Figure 10 represents the f variation with Re for the plain tube and three different pitches. The value of f represents the decreasing trend with the rise of Re. Using a louvered insert also offers a higher frictional factor compared to the plain one. The f values for the louvered insert with the corresponding pitches of S = 40, 50, and 60 were about 7.59, 6.51, and 5.77 times as high as the plain tube, correspondingly. Compared to the plain tube, the flow disturbance of backward louvered insert increased the tangential velocity between the secondary flow and the surface along the tube wall. Hence, it can be concluded that the backward louvered insert increases the friction factor significantly in comparison to the plain tube, which is attributed to the blockage and subsequent diminishment of the flow momentum generated by the backward louvered tape as well as the pressure drop for the corresponding backward louvered tape tube design.

Moreover, as represented in Figure 5 and Figure 10, the present calculation provides the correlation of the Nu and f to Re, respectively. The tendency is considered consistent with the experimental results from previous works [13,14,15]. It is reasonable that the backward louvered strip inserts can give a higher friction factor compared to the forward design [14] because the fluid flow is directly blocked by the louvered strip inserts with the backward arrangement.

4. Concluding Remarks

This study deals with the modeling and calculation of an enhanced tube having a louvered insert with various pitch ratios. There are several important conclusions which can be drawn as follows:

• Nusselt number (Nu) and friction factor (f) of the louvered insert having three different pitches are higher compared to those of the plain tube.
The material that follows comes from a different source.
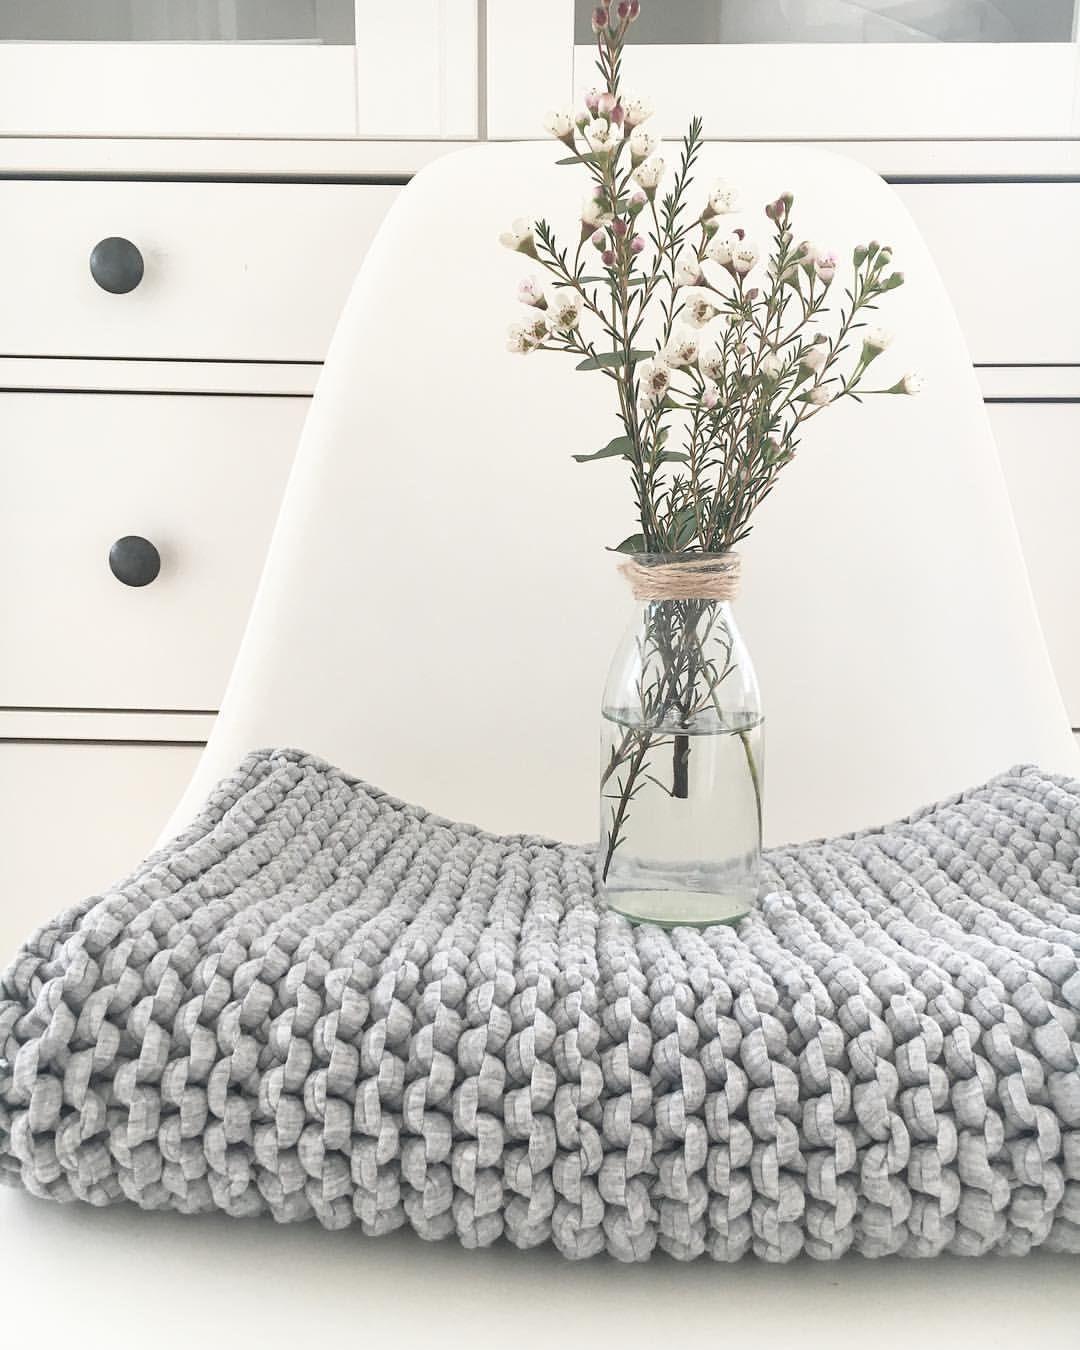 Weiße Möbel, Ein Teppich Aus Hellgrauem Recyclingmaterial

In addition, it is also clarified that as the pitch ratio decreases, Nu, f, and η increase accordingly.
• The presence of the louvered insert with the smallest pitch S = 40 mm can yield a significantly higher heat transfer rate and friction factor.
• The largest increase in the Nu and f was observed to be up to 1.81 and 7.59 times higher, respectively, compared to those of the smooth tube.